Supplied information:
########################################
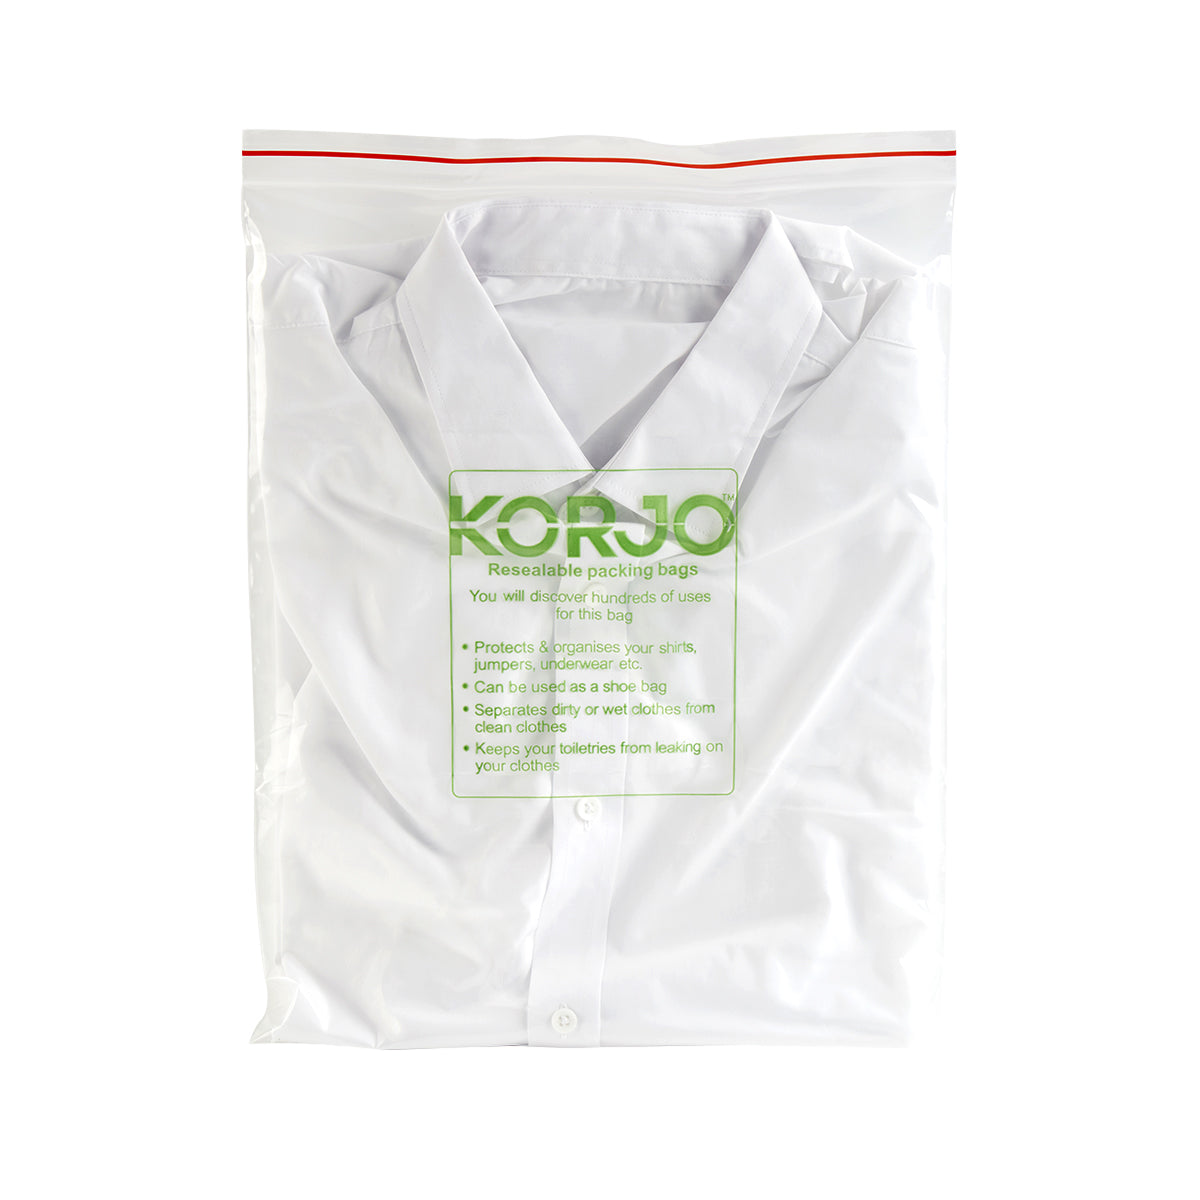 Korjo Packing Bags Resealable
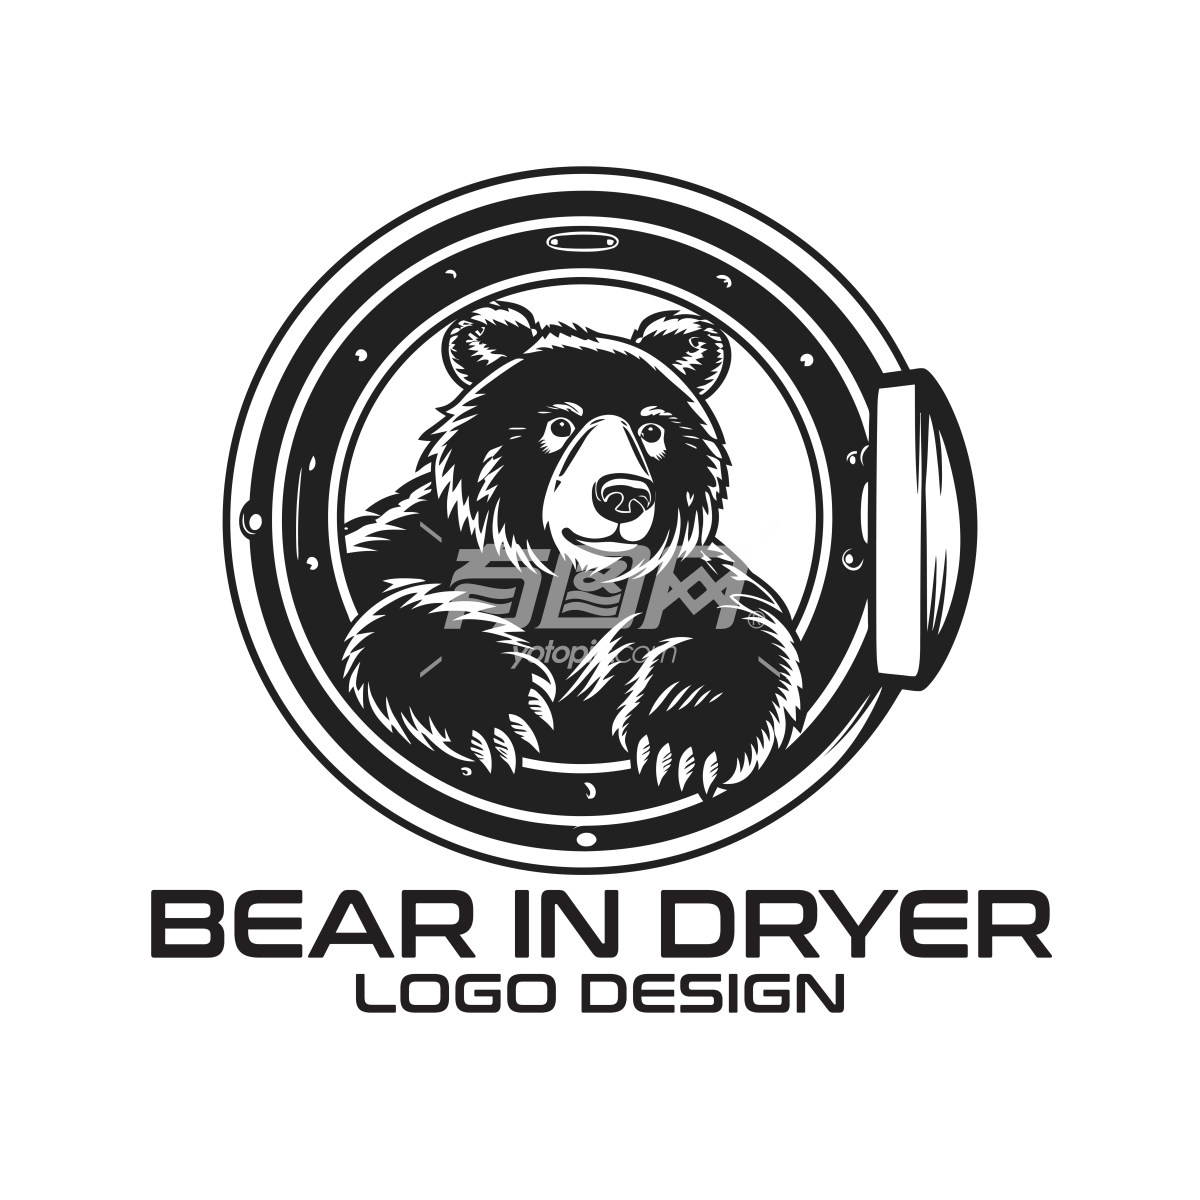 熊在烘干机里标志设计
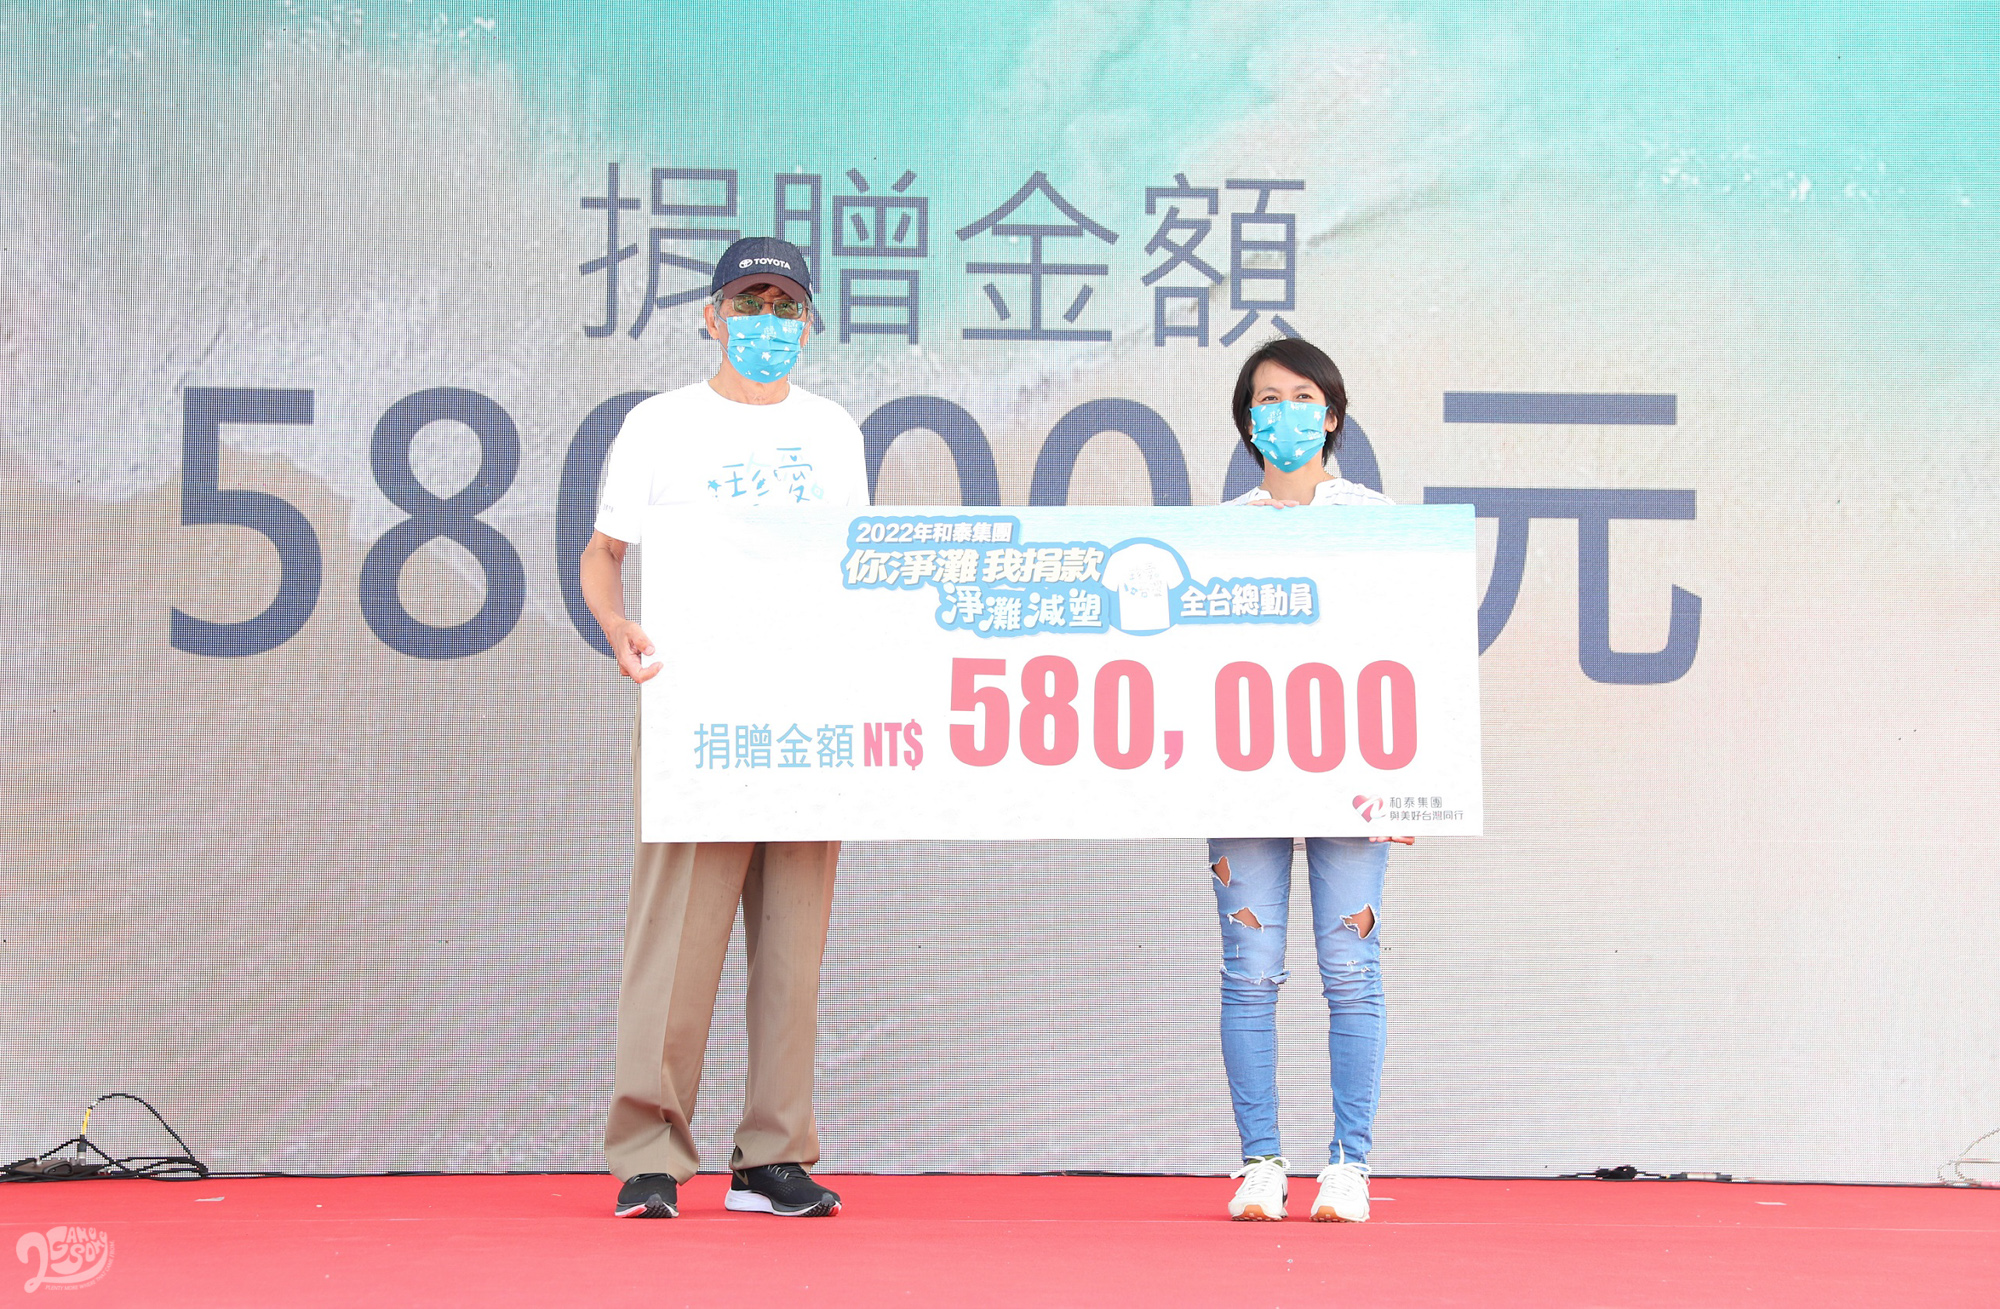 和泰集團捐贈58萬元環保教育經費予「台灣咾咕嶼協會」，和泰汽車黃南光董事長(左)代表捐贈予台灣咾咕嶼協會張欣怡秘書長(右)。
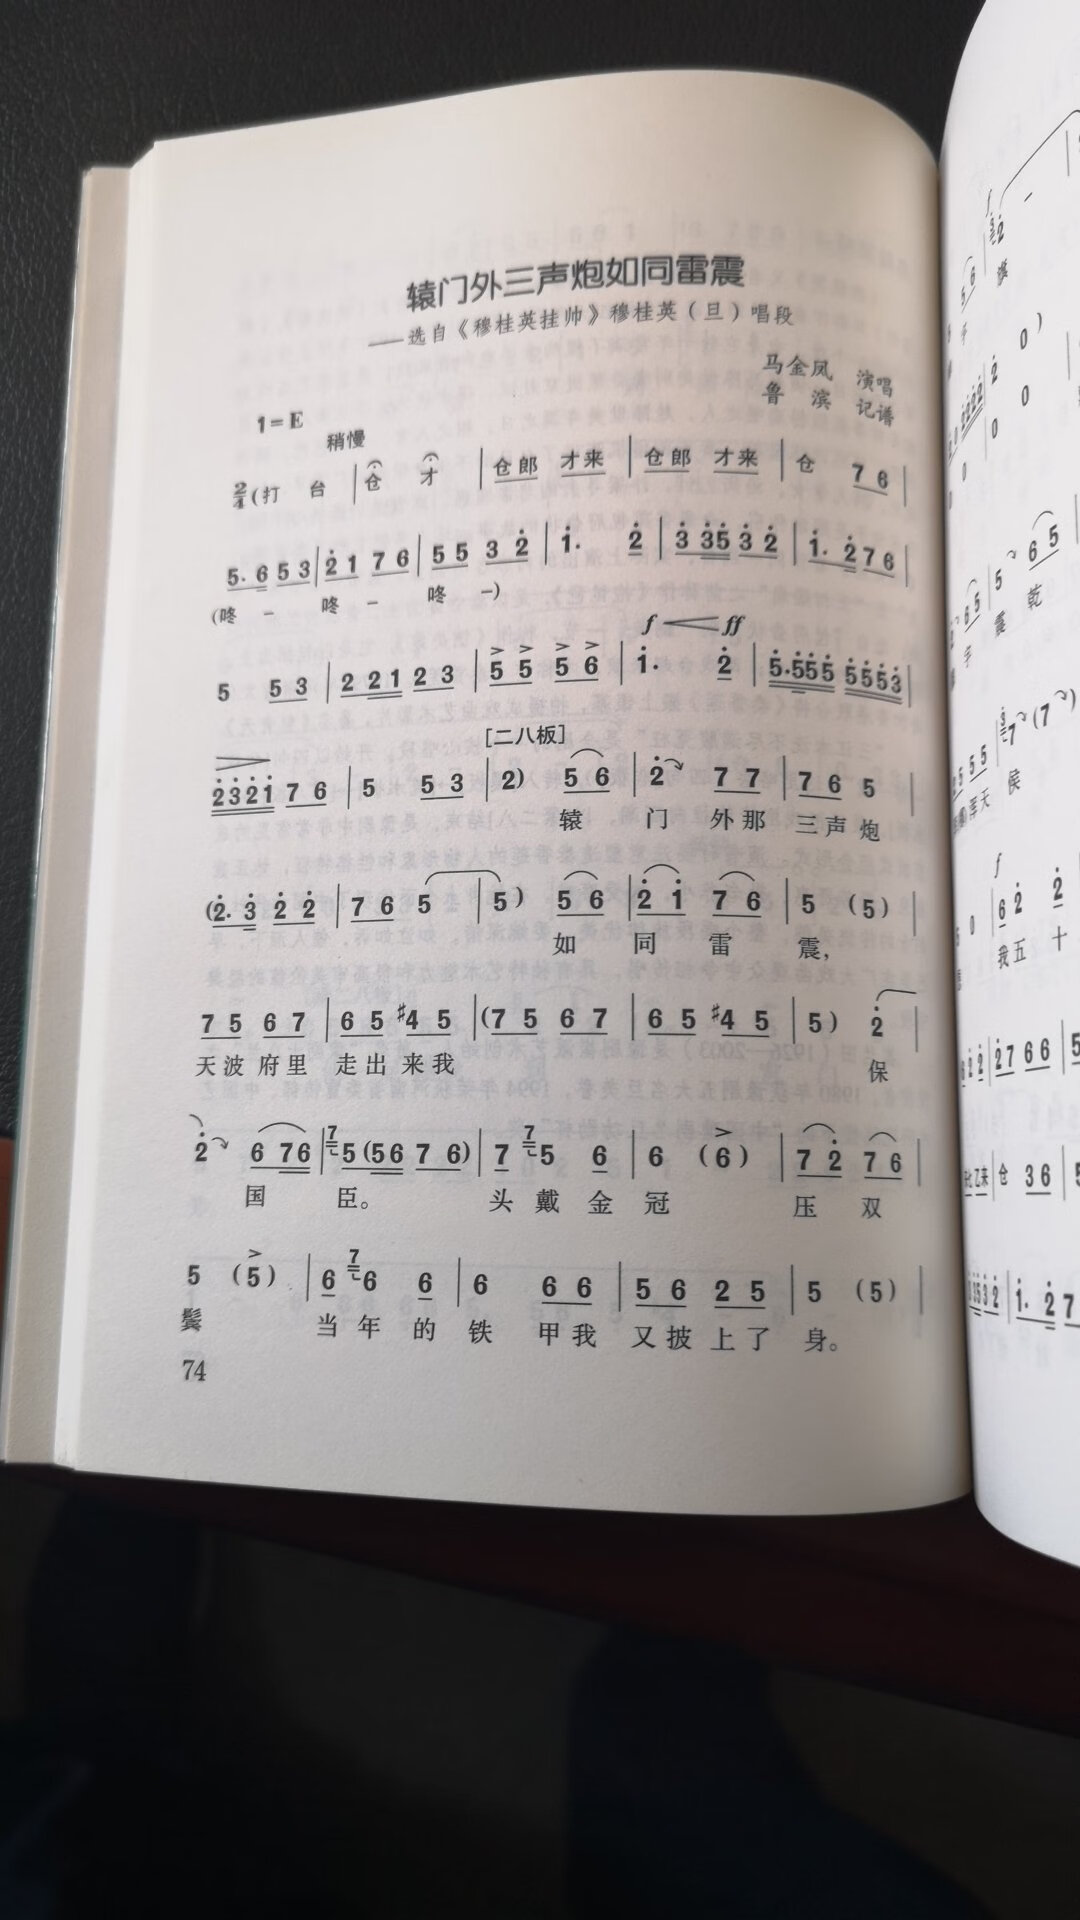 喜欢豫剧，这本是作为资料保存的，内收录了不少传统戏经典唱段。开本稍小，印刷中规中矩。
########################################
Task prompt:
With pictures excluded, restate word for word the lines from the one that contains "和泰集團捐贈58萬元環保教育" through the end of the material, inclusive, and nothing more.

The answer:
 和泰集團捐贈58萬元環保教育經費予「台灣咾咕嶼協會」，和泰汽車黃南光董事長(左)代表捐贈予台灣咾咕嶼協會張欣怡秘書長(右)。
 喜欢豫剧，这本是作为资料保存的，内收录了不少传统戏经典唱段。开本稍小，印刷中规中矩。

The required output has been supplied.